__DATA SHOWN__.
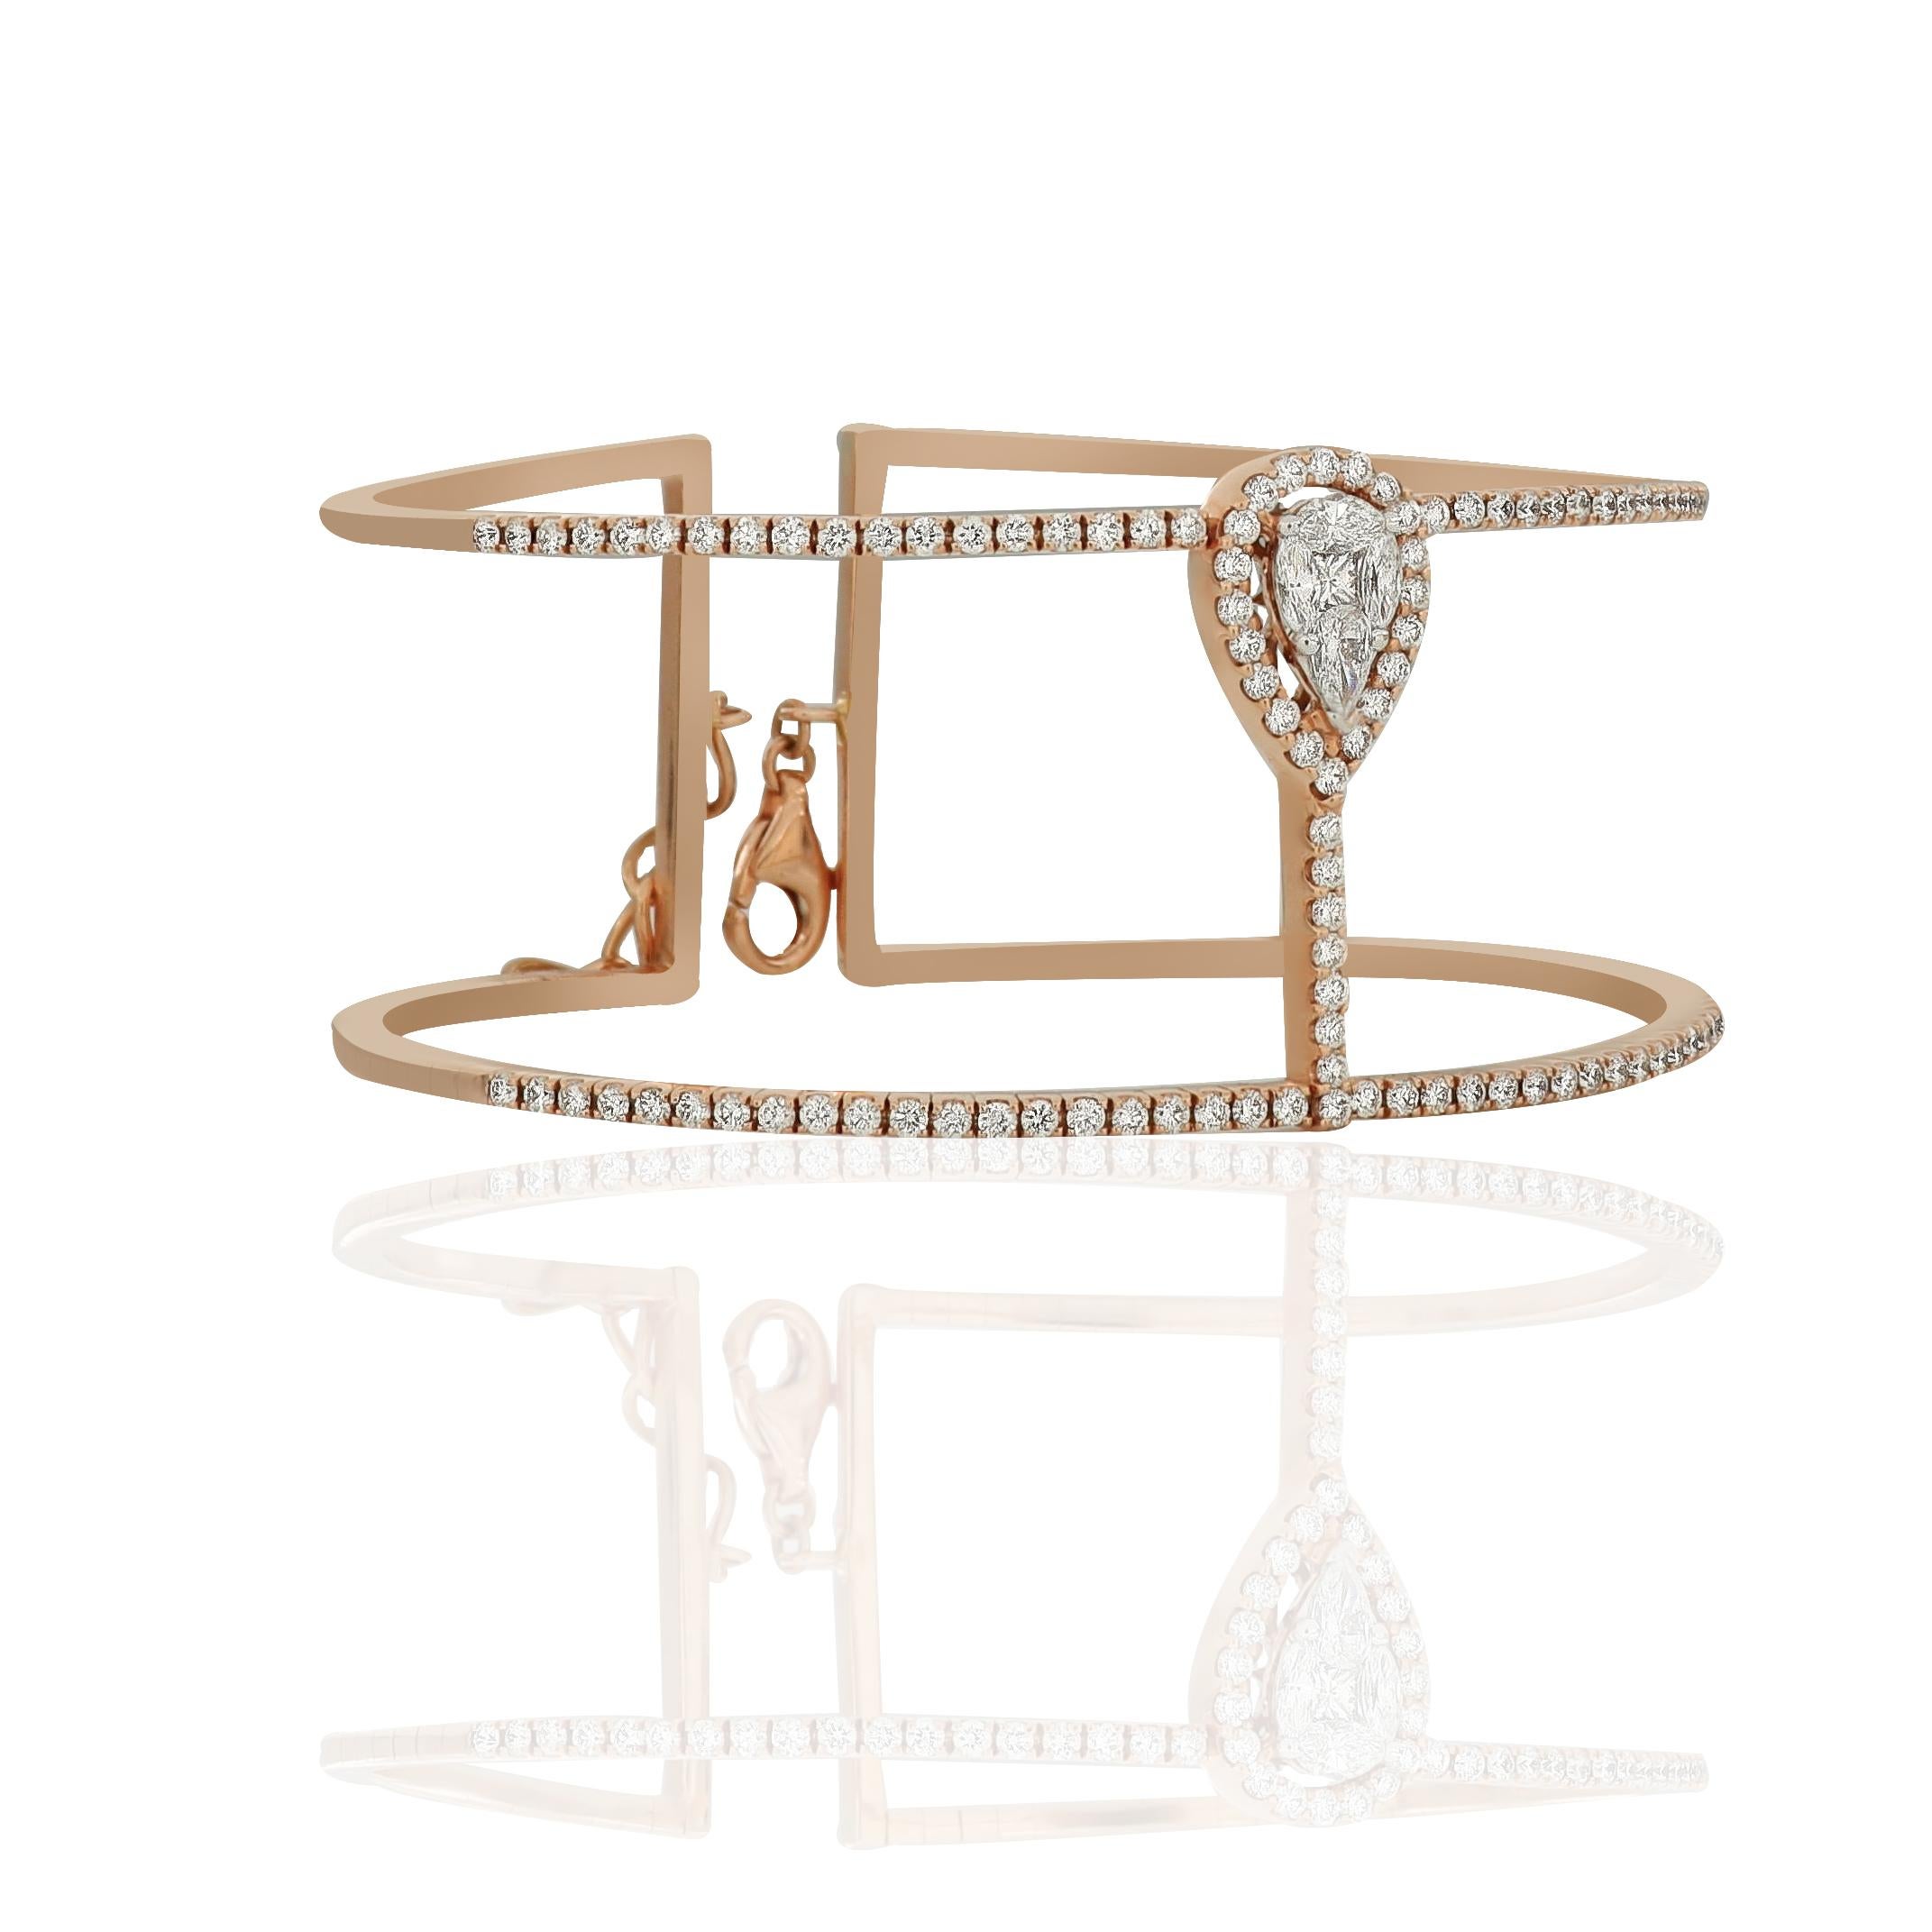 Amwaj high jewellery bangle in 18 karat rose gold is designed to embrace the wrist with exquisite brilliance. Round diamonds emphasize the design's dramatic layers. Grouped by a striking array of round, marquise, pear and princess cut diamonds that
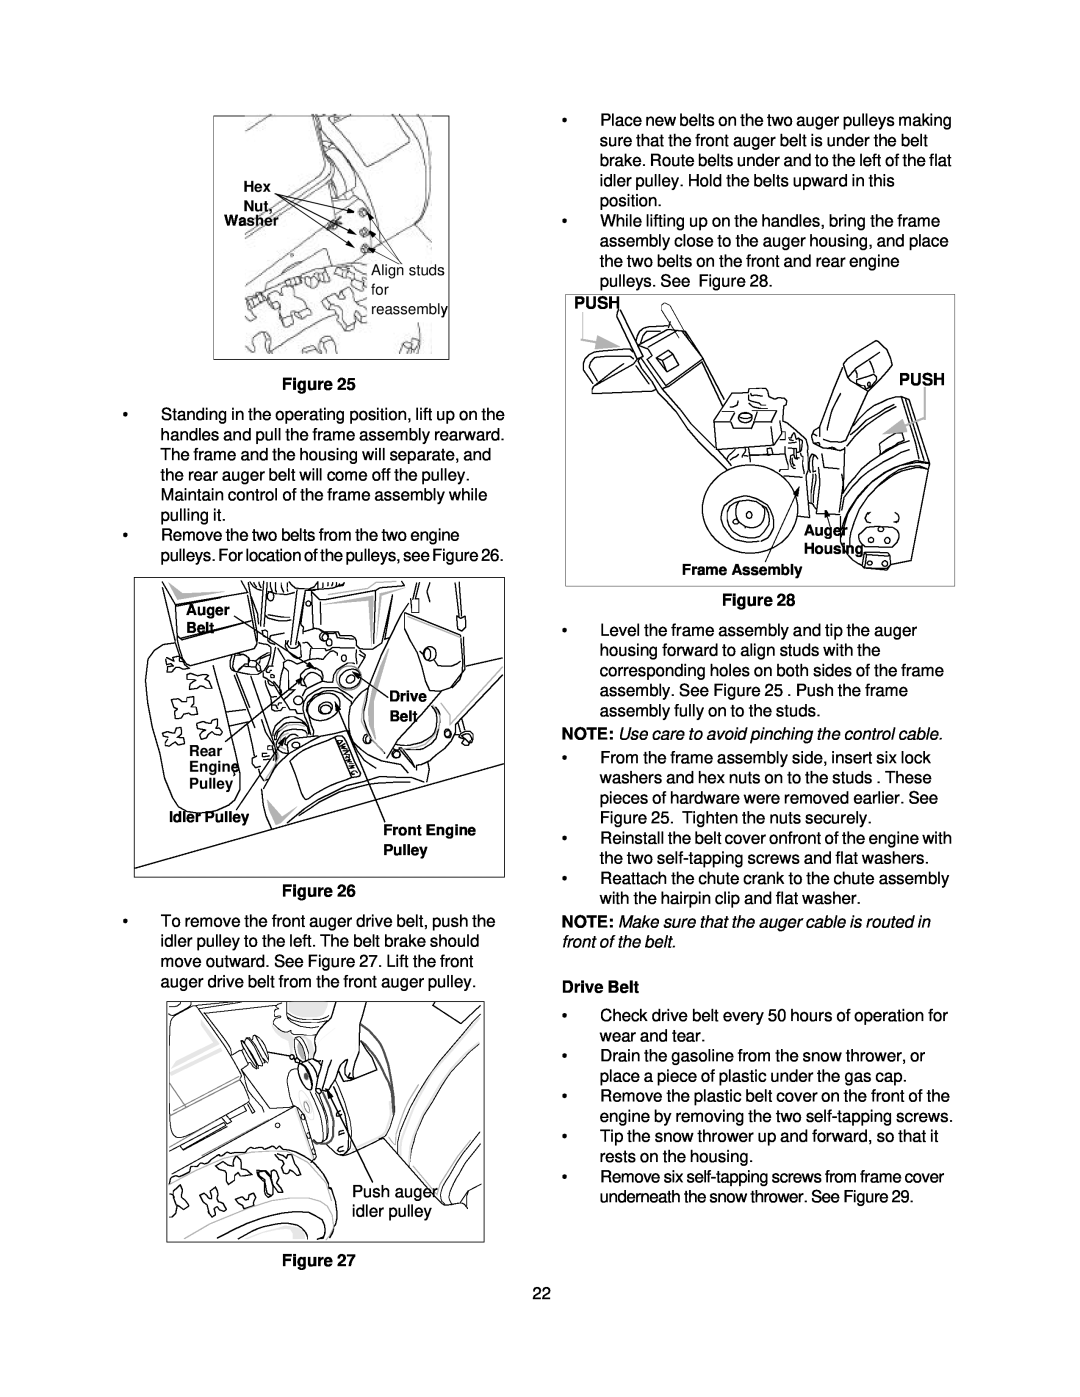 Sears 247.88852 owner manual Push, NOTE Use care to avoid pinching the control cable, Drive Belt 
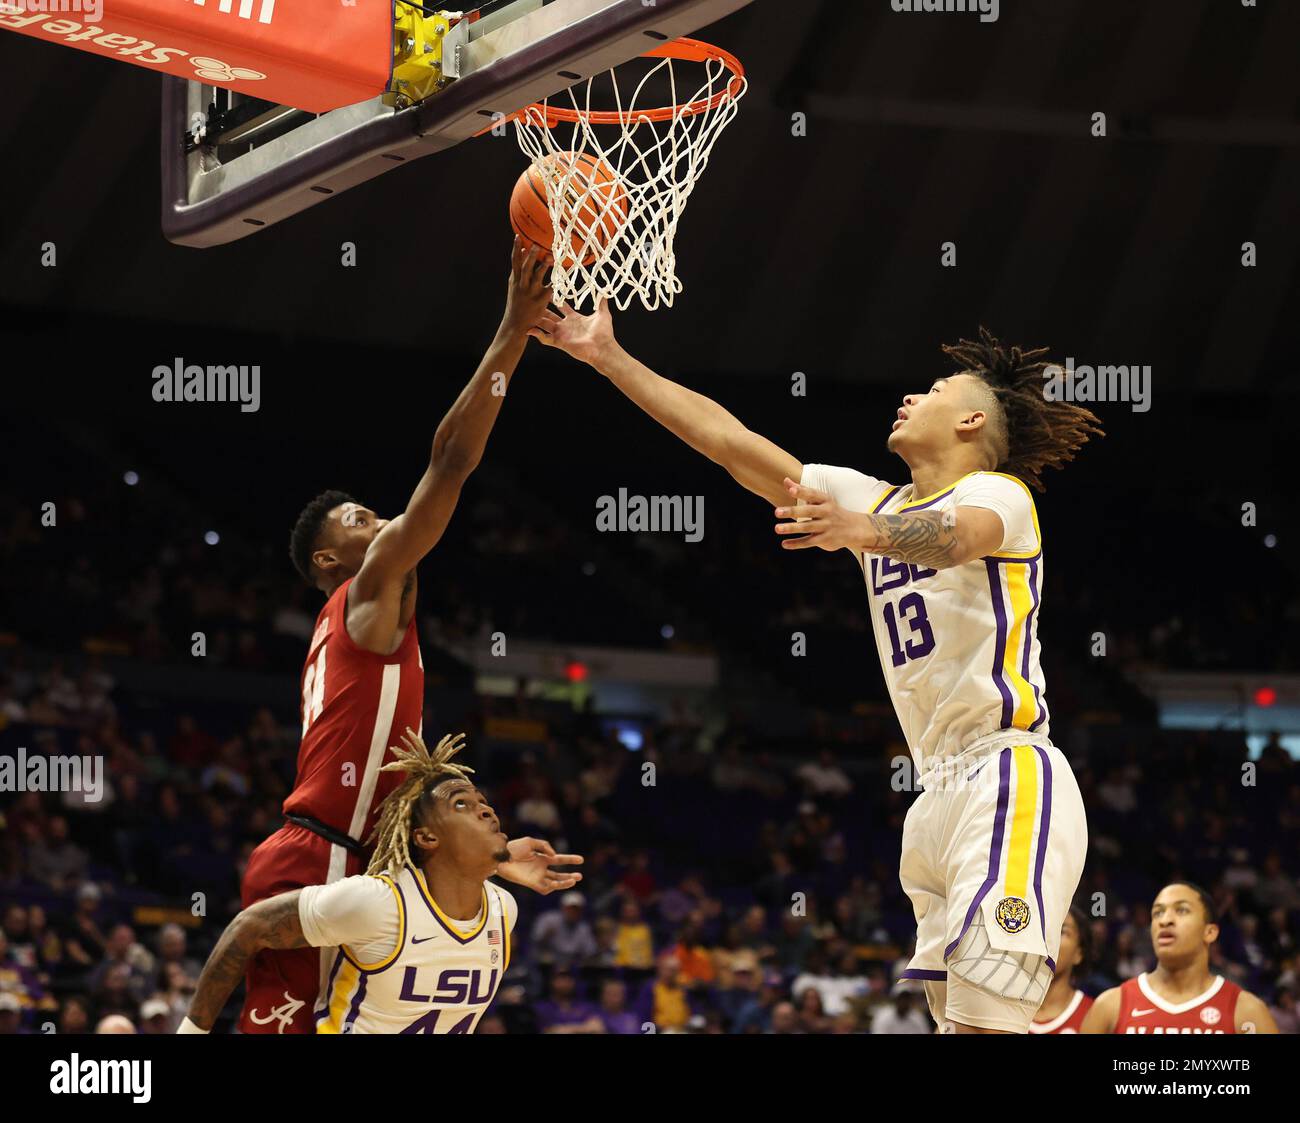 Baton Rouge, USA. 04th Feb, 2023. Alabama Crimson Tide forward Brandon Miller (24) and LSU Tigers forward Jalen Reed (13) both reach for the ball during a men's college basketball game at the Pete Maravich Assembly Center in Baton Rouge, Louisiana on Saturday, February 4, 2023. (Photo by Peter G. Forest/Sipa USA) Credit: Sipa USA/Alamy Live News Stock Photo
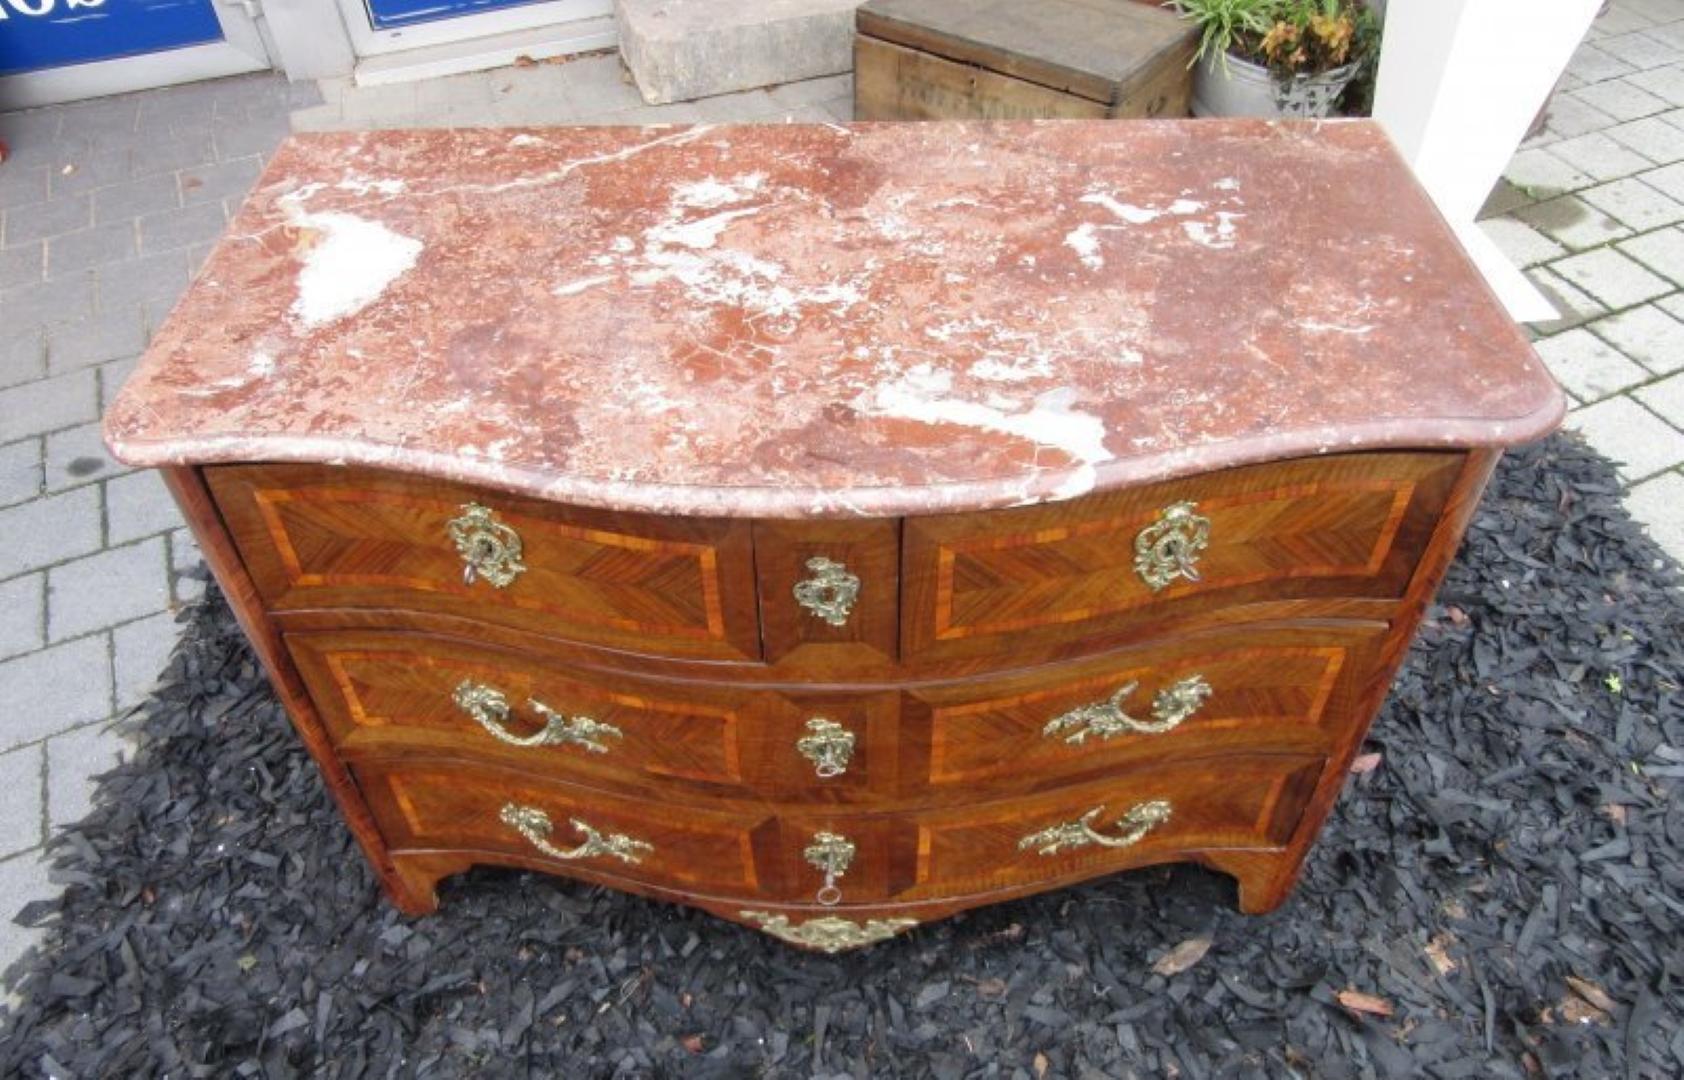 Original antique Baroque chest of drawers or commode from the 1780s with a curved front. Features stunningly worked original brass handles, key plates and wonderful ornamentations. The body is build out of massive oakwood veneered with luxurious

__WHAT YOU ARE ASKED TO DO__.
Take the whole listing above and copy it exactly. Pictures do not go into the copy.

__PROBLEM SOLUTION__.
 Amwaj high jewellery bangle in 18 karat rose gold is designed to embrace the wrist with exquisite brilliance. Round diamonds emphasize the design's dramatic layers. Grouped by a striking array of round, marquise, pear and princess cut diamonds that
 Sears 247.88852 owner manual Push, NOTE Use care to avoid pinching the control cable, Drive Belt 
 Baton Rouge, USA. 04th Feb, 2023. Alabama Crimson Tide forward Brandon Miller (24) and LSU Tigers forward Jalen Reed (13) both reach for the ball during a men's college basketball game at the Pete Maravich Assembly Center in Baton Rouge, Louisiana on Saturday, February 4, 2023. (Photo by Peter G. Forest/Sipa USA) Credit: Sipa USA/Alamy Live News Stock Photo
 Original antique Baroque chest of drawers or commode from the 1780s with a curved front. Features stunningly worked original brass handles, key plates and wonderful ornamentations. The body is build out of massive oakwood veneered with luxurious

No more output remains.